I have had the same problems, ...Series 2 Tivo, Tivo desktop..and Sonic MyDVD. Build it, try to burn, and the transcoding starts...video...audio..blah blah.. An hour and half or two into this mess, the system crashes and I need to do a manual reboot. I had been using Tivo desktop 2.0. Sonic told me to upgrade to 2.2. They said that might be the problem. I had the same problem with 2.2. I called today, they said, get rid of 2.2, use 2.0.... <UGH!> 

I will say I had been using an external + or - R/RW burner with a -R and -RW DVD. (I have old DVD Players..only read -R/RW.) I tried to burn a few shows using an internal +R/RW burner. Believe it or not, the system crashed, but it burned the disk. I had to turn the CPU off manually, and reboot, but the disk did burn, and it plays great on a DVD player that reads +R disks. I started the burn right before I left to go have a few drinks with friends. No other apps were running, and I was not on at all.

After reading the material on here, and spending significant time speaking with Tivo and Sonic, I am convinced this is a waste of time.. Hours to download material from the Tivo to the PC, and hours to burn... Ok, way to much time...  And to think of the money for a program that uh..hello....does not work for apparently many many customers.

Love my Tivo to death, but I can do without this headache... And it is such a good idea. :down: I will continue to monitor this forum for a solution. Make me proud guys!


----------



## zcamanap (Dec 31, 2005)

I had just about given up on MyDVD and was not having any luck with Nero either. After checking the posts here for the umpteenth time with no resolution, I decided to give Sonic support one more try. It was on this visit to Sonic that I realized that I was importing my Tivo files to the program incorrectly. I used the "Get Recorded TV Shows" button to add files to the project and VIOLA! A successful burn. Sonic does acknowledge that if you upgraded from trial version, you may have lost the "Get Recorded TV Shows" button, to get the patch go to Sonic support for MyDVD

Find the subject: MyDVD loses Tivo functionality after upgrading from trial version.
and select TivoToGo Trial version link. This will download the patch. 

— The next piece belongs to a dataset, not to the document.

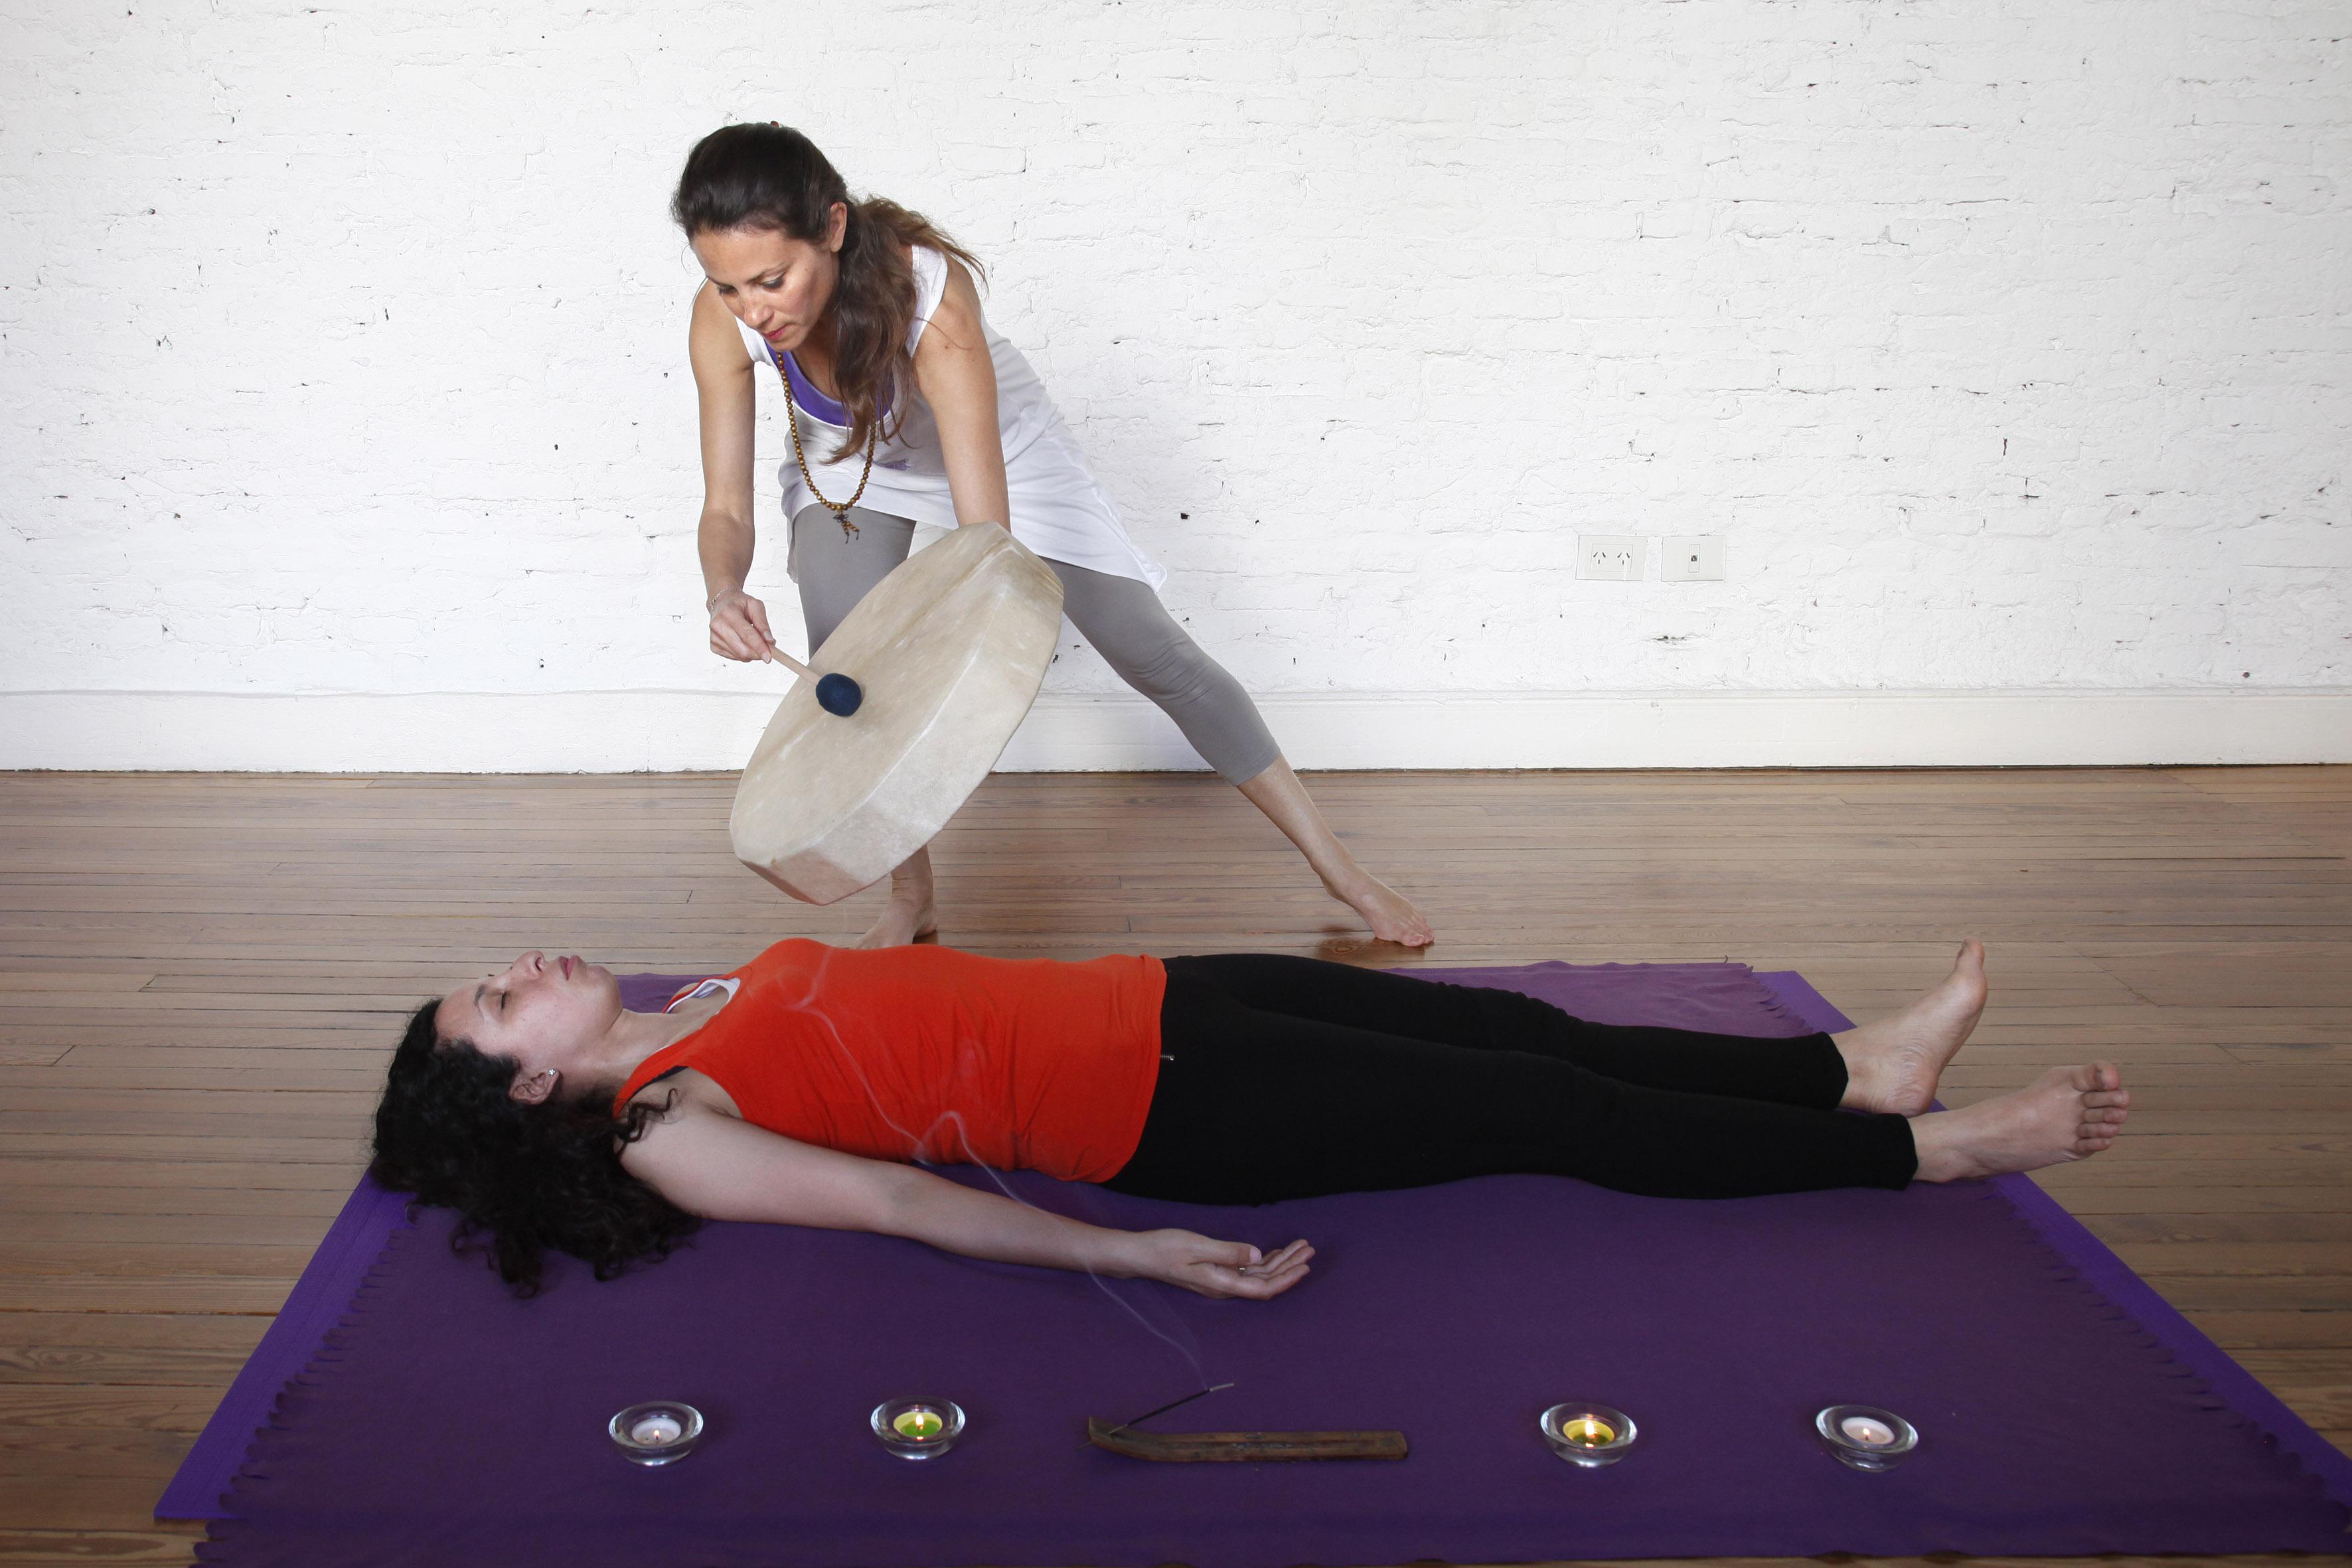 Terapia sonora-masajes sonoros

Note: This patch is only if you do not have the "Get Recorded TV Shows" button. 

Hope this helps some of you.

BTW, this is my first post here but I have been a longtime user of Tivo. I was restricted from inserting the direct link due to being my first post.


----------



## zcamanap (Dec 31, 2005)

I am using TTG 2.2 so no workaround needed.


----------



## Denvers Dawgs (Sep 26, 2004)

I currently just used the add files feature to add my tivo stuff, but read that using the get recorded tv shows button may help with the bugs(crashing/freezing) when working with tivo files. But 2 problems arise when trying to use the Get Recorded Tv shows button

1. When I click on the Get recorded tv shows icon, it starts to run an install of sorts, but the gives me this Popup dialoge "Another application has exclusive access to to fiel C:\Sonic\Mydvd\Sonic Mydvd Studio Deluxe Suite\sonic log. Shut down all other apps, then hit retry".  
**No other apps are open?

2.After cancelling the previous setup........I then get another popup dialoge, "There are currently no TiVo files available in "C:\Documents and Settings\Owner\My Documents\My TiVo Recordings folder 
**Is there anyway to change this default folder (C:\Documents and Settings\Owner\My Documents\My TiVo Recordings folder ) to be able to use the folder I use on another Hdd, to store my tivo files on, to get the Get recorded tivo shows button to work?


----------